Compute clusters, or groups of linked computers, have been broadly utilized to improve performance over that provided by a single computer, especially in complex computations, for example, to execute simulations of complex physical phenomena. As shown in FIG. 1 (PRIOR ART), the elements of the computer cluster, such as computer nodes 10, are linked by a high speed network 12 allowing the sharing of compute resources and memory. Data transfers to or from the cluster elements are performed through the high speed network 12 and are managed by additional compute devices, referred to herein as data servers 14. The computer cluster may assume either the compute state (cycle) or the I/O state (cycle), which are typically mutually exclusive. The process of moving data is carried out during the I/O (input/output) cycle of the computer nodes 10, e.g. the data transfers are executed during a time interval when the compute activity has ceased.
In general, simulations of physical phenomena, and other complex computations, may run for an extended period of time lasting, for example, hours or days. During the execution of a simulation, “checkpoint” data is written into the program so that, if the application software or hardware should fail, it is possible to restore the simulation from the “checkpoint”. This “checkpoint” changes the state of the computer cluster from compute state to I/O state (cycle), so that the cache of the compute nodes 10 are written to the attached servers 14 which place the data in an orderly file system for subsequent retrieval. Since in the I/O cycle no actual computation occurs, it is important to keep the I/O cycle as short as possible to maximize the overall compute duty cycle of the computer cluster.
The ratio of compute elements to servers is often very large and may exceed 1000 in some implementations. The servers file data from multiple computer nodes and assign a unique location for each computer node in the overall file system. Typically, the data is stored on rotating media such as common disk drives 16.
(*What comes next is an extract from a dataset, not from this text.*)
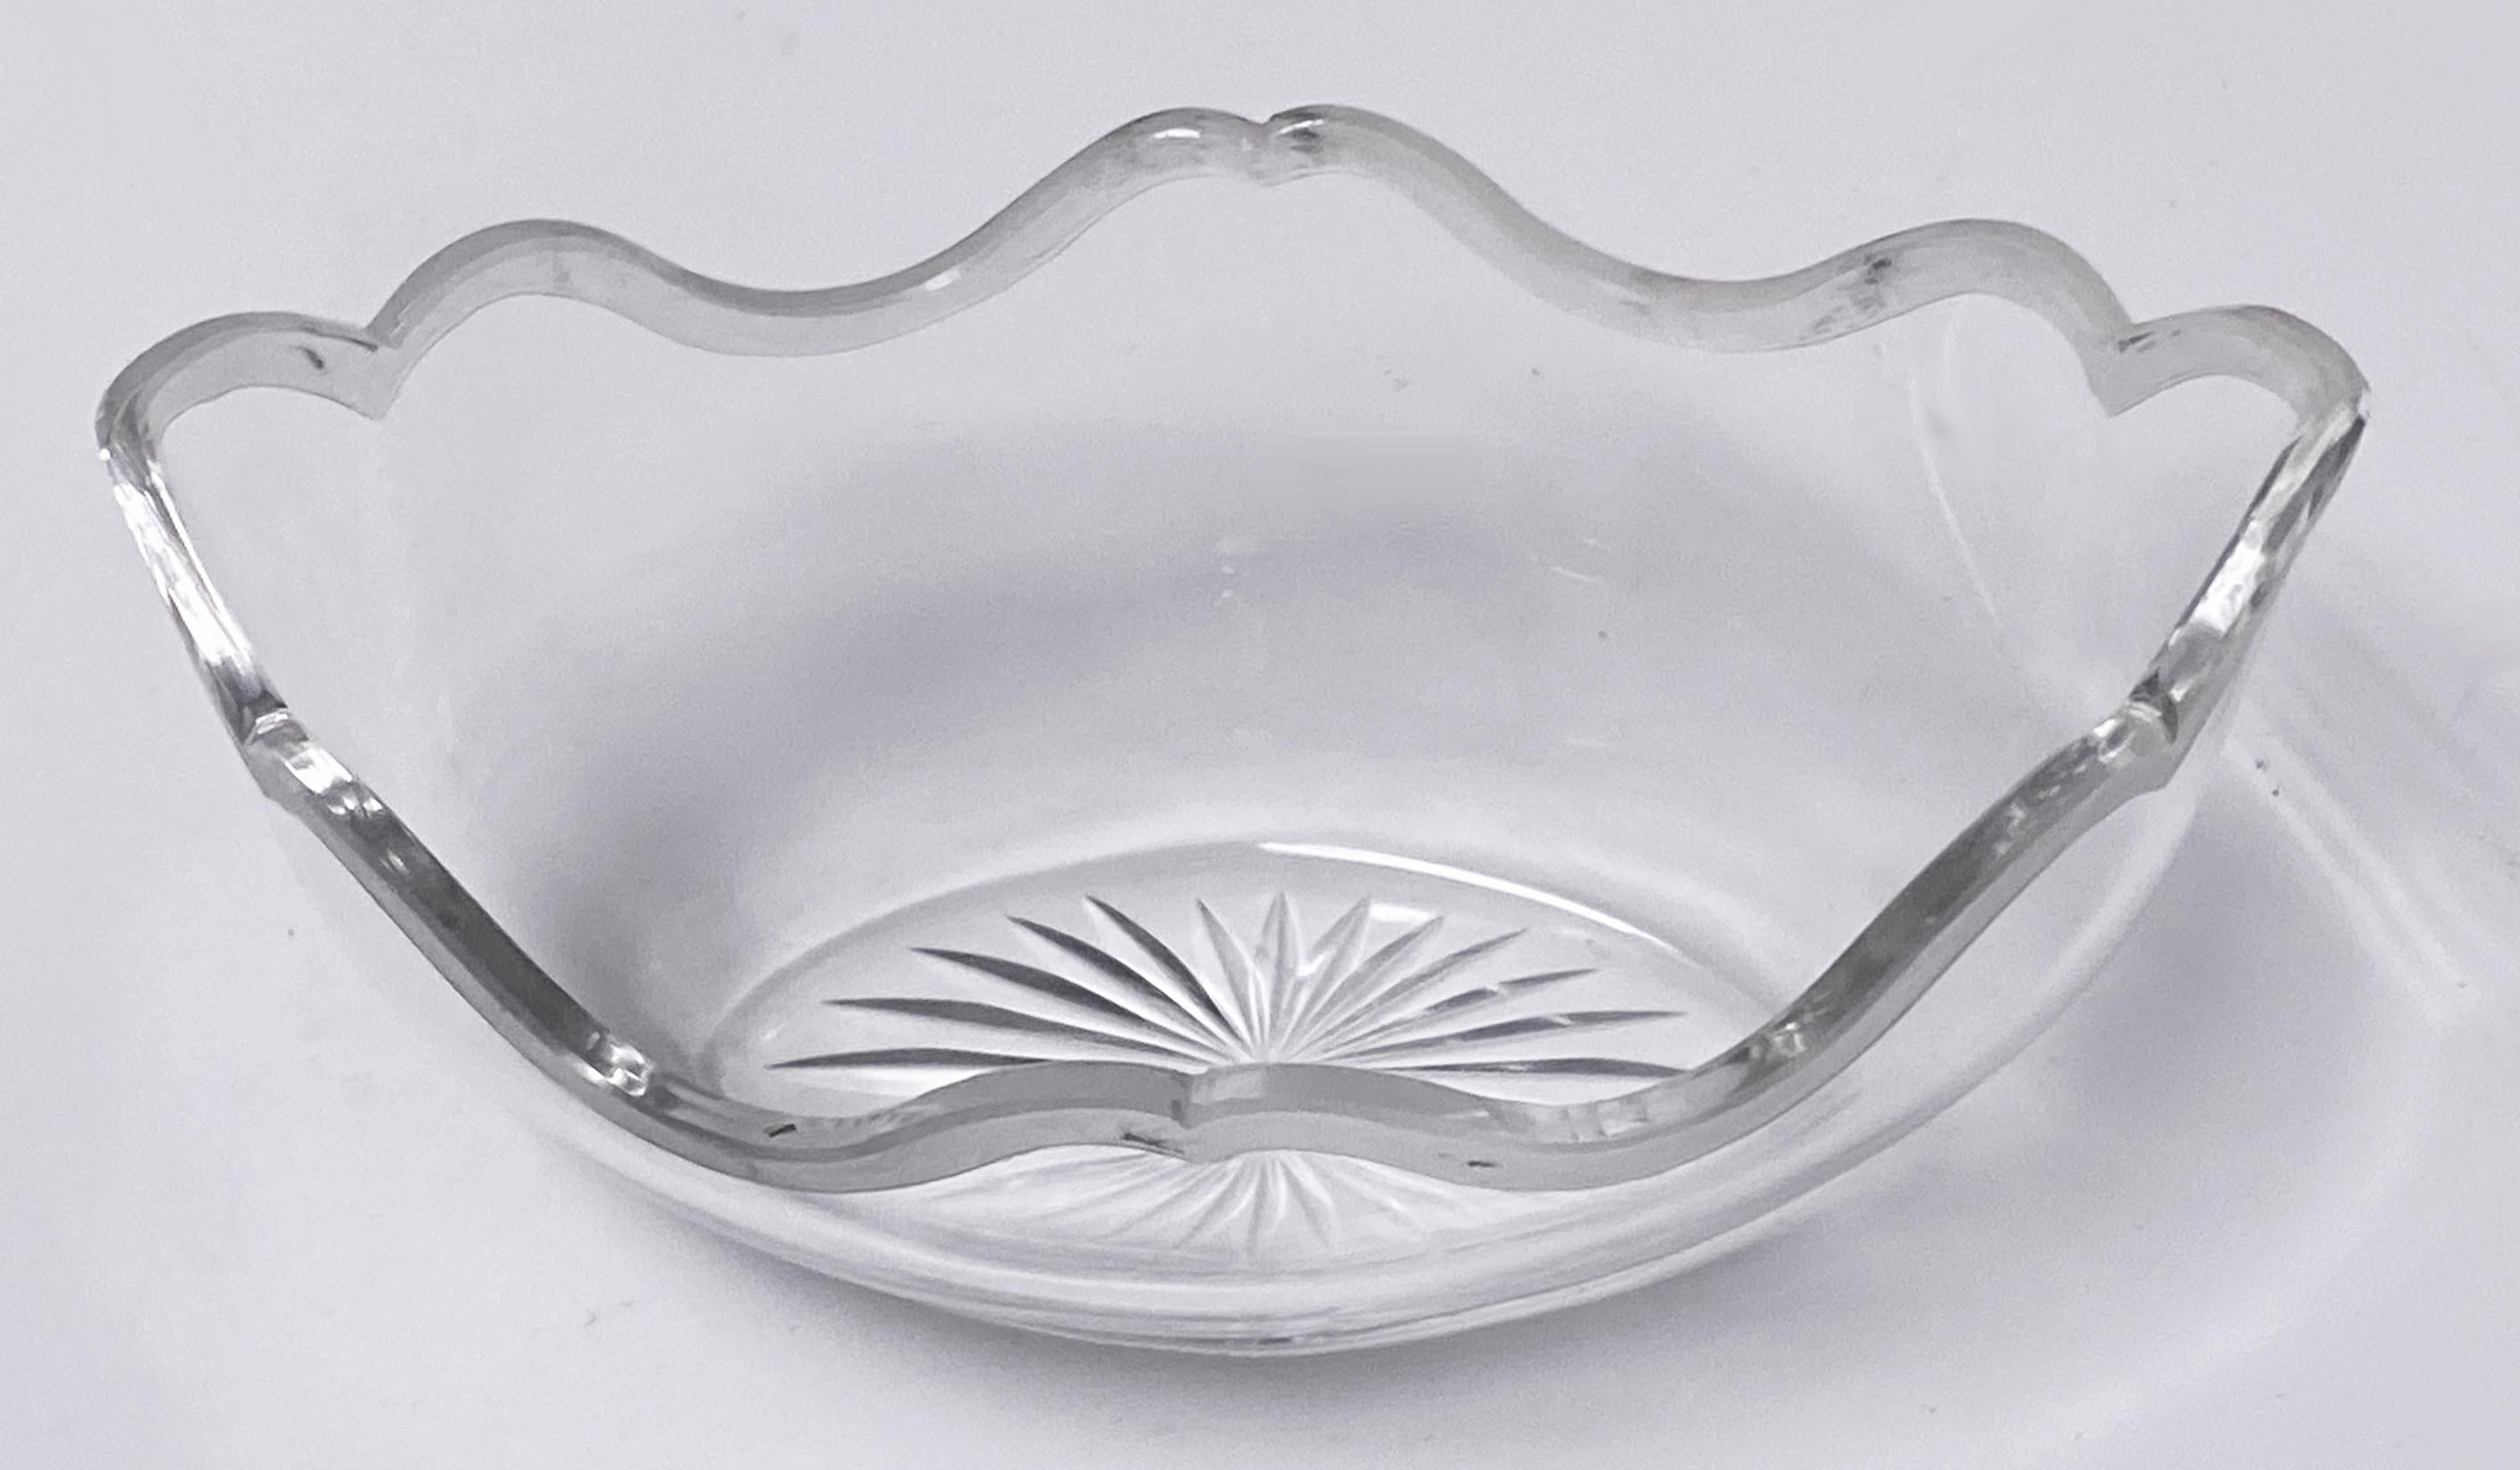 Art Nouveau Silver and glass dish, C.1890 E. Schurmann & Co. Frankfurt, Germany. 4
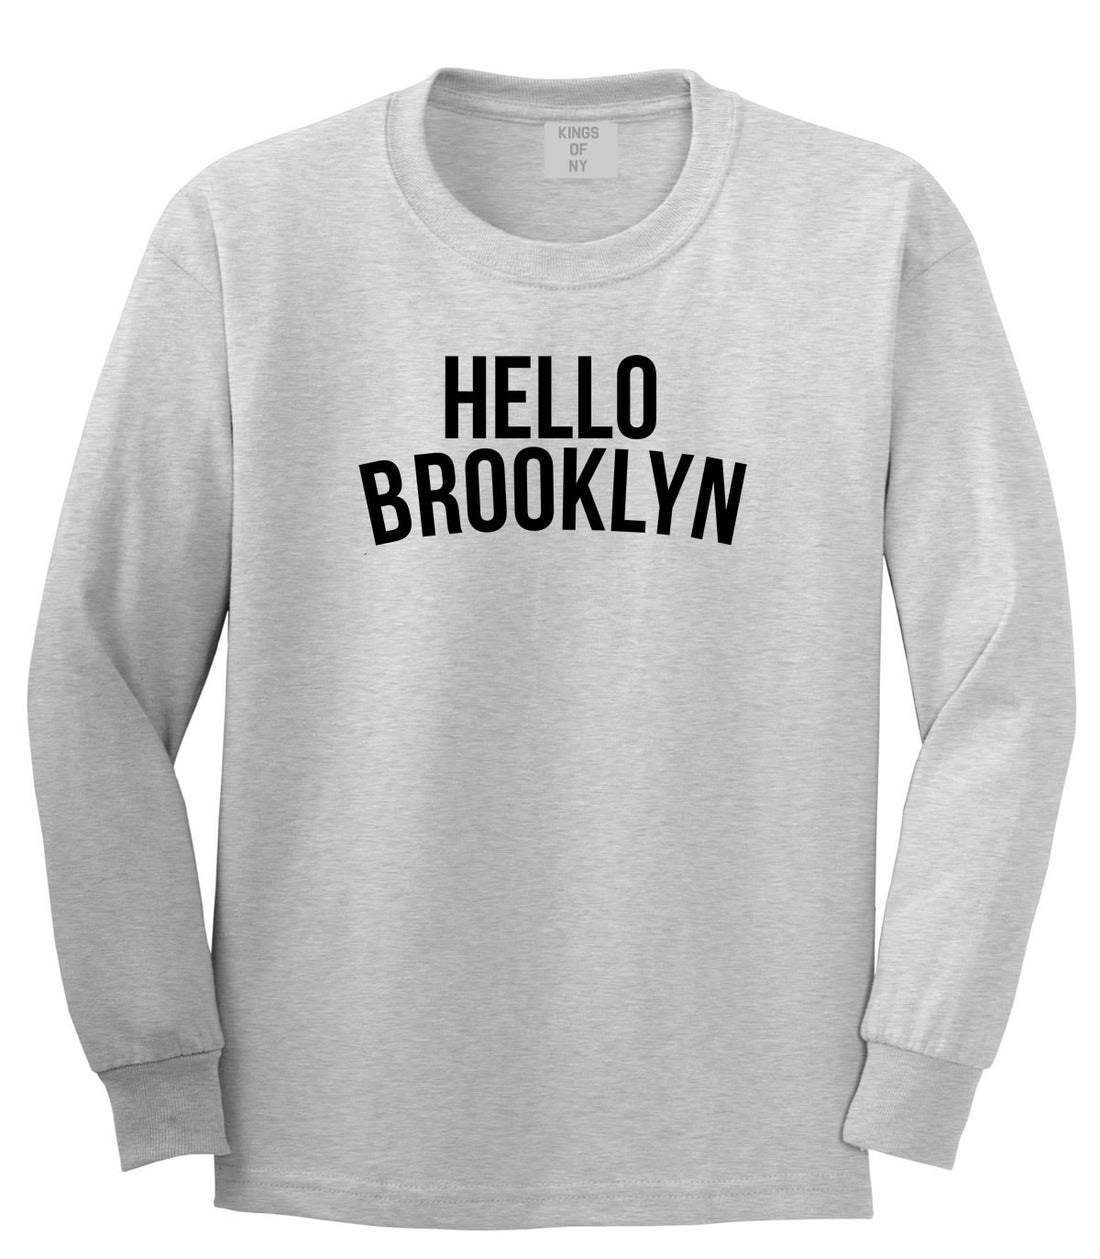 Hello Brooklyn Long Sleeve T-Shirt in Grey By Kings Of NY

Since multiple compute devices may require access to the servers at the same time, the effective data accesses appear to be largely random as the servers satisfy the requests of the compute devices in the order that the requests are received. Disk drives operate in this scheme as “push” devices, and must store the data on demand. Disk drives do not perform well in satisfying random requests since the heads that record the data have to be moved to various sectors of the drive and this movement takes a great deal of time compared to the actual write or read operation. To “work around” this problem, a large number of disk drives may be utilized that may be accessed by a control system 18 which then schedules disk operations in the attempt to spread the random activity over a large number of disk drives to diminish the effects of disk head movement, aka “seeking”.
The size of compute clusters and the aggregate I/O bandwidths that must be supported may require thousands of disk drives for the control architecture to minimize the duration of the I/O cycle. Even though thousands of disk drives are usually powered to support data transfers, the I/O activity itself occupies only a short period of the overall “active” time of the disk system. Even though the duty cycle of write activity may occupy, for example, less than 10% of the clusters total operational time, all the disk drives nevertheless are powered in expectation of this activity.
It would therefore be beneficial to provide a data migrating technique between the compute cluster architecture and the disk drives in which a reduced number of disk drives is needed for data storage, wherein the shortened I/O cycle of the high performance compute cluster architecture may be attained, and wherein the effective aggregate I/O bandwidths of the disk drive operation may be provided without excessive power consumption.